On Golf
July 13th, 2007




Galley Friend Dean Barnett has a very sweet and moving ode to Tom Watson, calling him the best player to come along between Tiger and Jack. He means in golf.

I kid! Watson may be something, I wouldn’t know. My experience with golf pretty much ended after my second summer working as a caddy at the local country club. (A club, I might add, that was all Judge Smails and no Ty Webb.) But I was struck that the occasion for Dean’s paean was Watson nearly winning the U.S. Senior Open, which Dean calls a significant tournament. I’m sure Dean’s right, and that it is. Which is one more reason why I hate–and I don’t use the word lightly–hate golf.

Golfers have the longest athletic life of any professional athletes. (NB: I will not include race car drivers. Period.) They can play in something near top form for 20 years, easily. Nicklaus is Nicklaus, but he won a major at age 46. This isn’t like Nolan Ryan pitching in the Bigs or Jimmy Connors making a long-shot run at the U.S. Open around the ages of 40. This is being closer to 50 and actually being capable of being an individual champion.

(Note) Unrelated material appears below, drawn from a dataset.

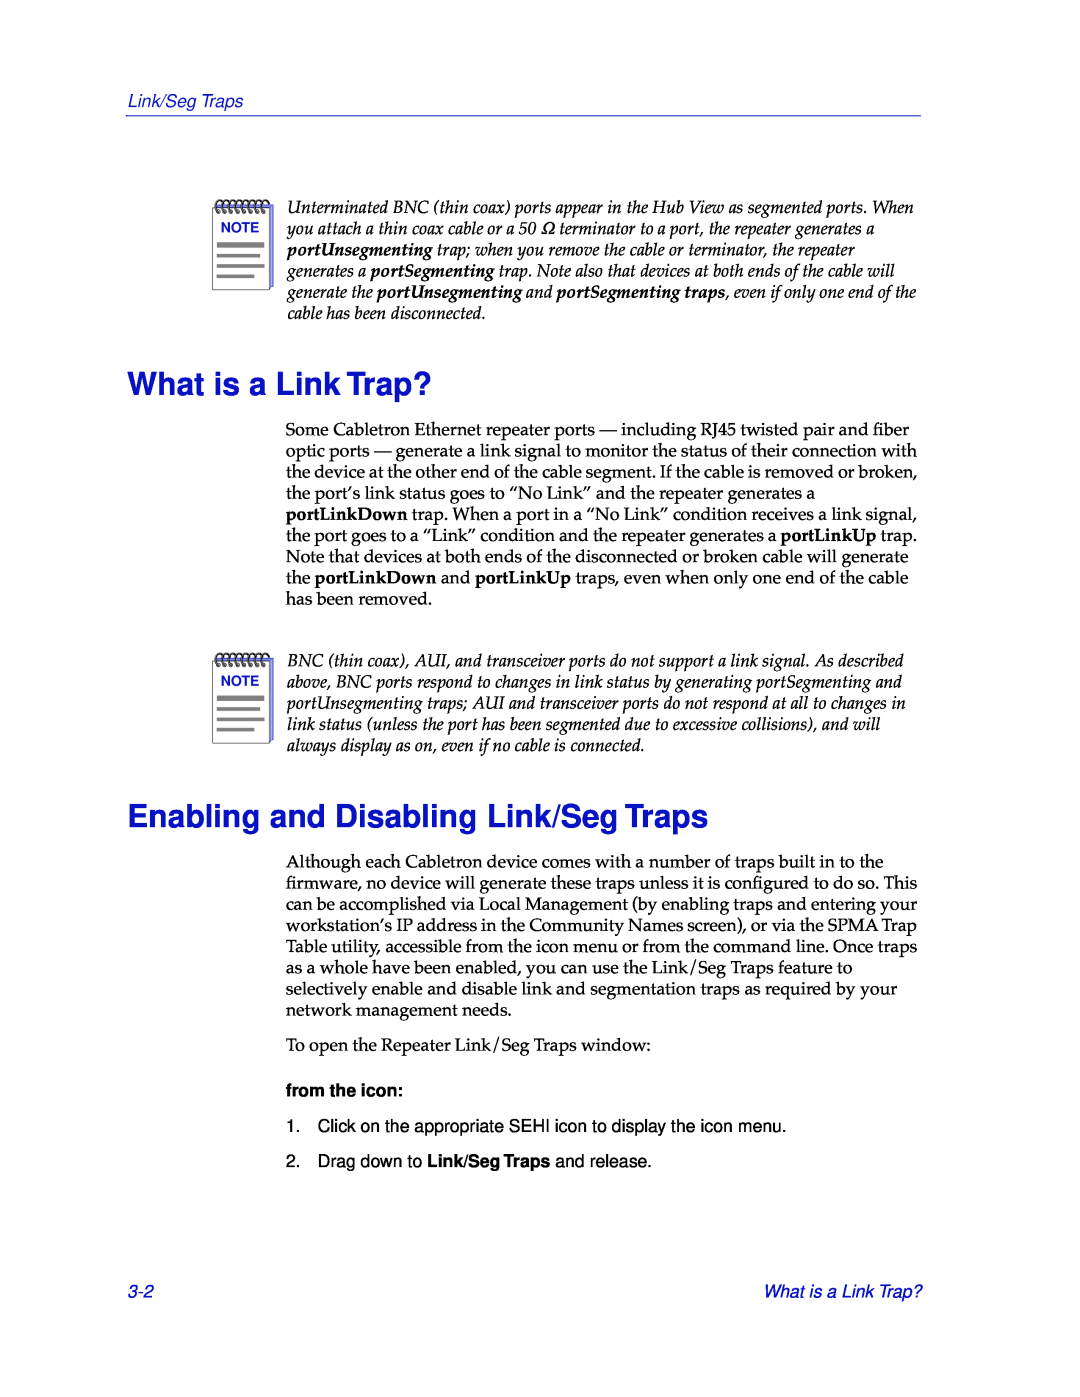 Cabletron Systems SEHI-32/34, SEHI-22/24 manual What is a Link Trap?, Enabling and Disabling Link/Seg Traps, from the icon 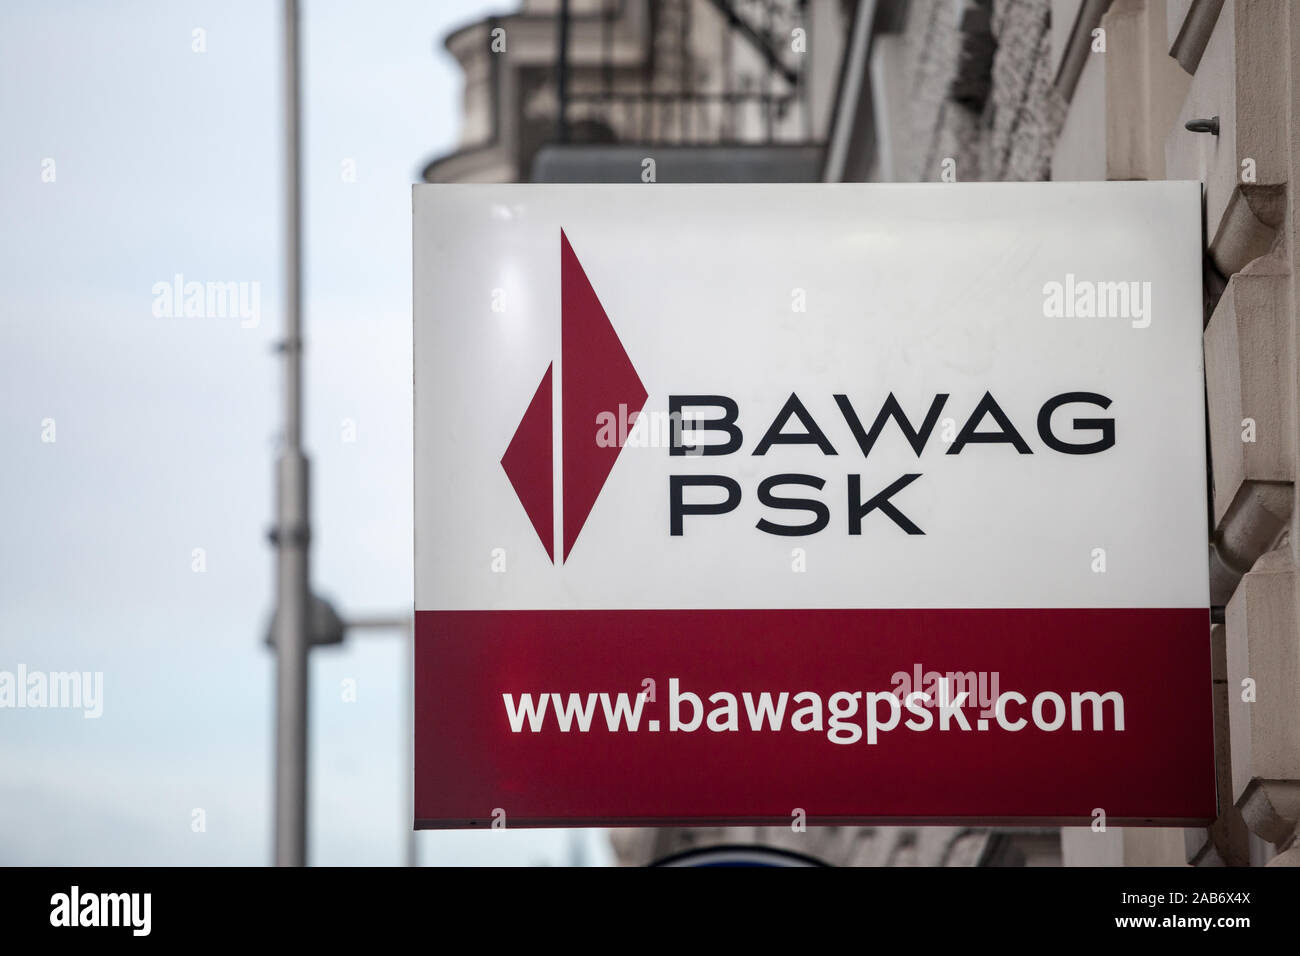 VIENNA, AUSTRIA - NOVEMBER 6, 2019: Bawag PSK logo in front of their office for Vienna. Bawag PSK is an Austrian retail and commercial bank, the fourt Stock Photo

So it’s a little strange that we would invent an old-timers tour for a bunch of guys who have already gotten to play their sports professionally longer than any other athletes. Particularly when no other serious sport has a has-been league.

Steve Czaban insists that golfers are the most coddled athletes in pro sports. It sure seems like it to me, if for no other reason than this: These guys can compete for forever and even when they eventually “retire,” they never have to go away. There’s still a league willing to throw money at them and even concoct pretend “majors.”

The PGA’s senior tour began in 1980, I think, and in a way, it’s a perfect symbol of Boomer self-entitlement. Any sport that has room for that kind of nonsense is perilously close to not being much of a sport at all.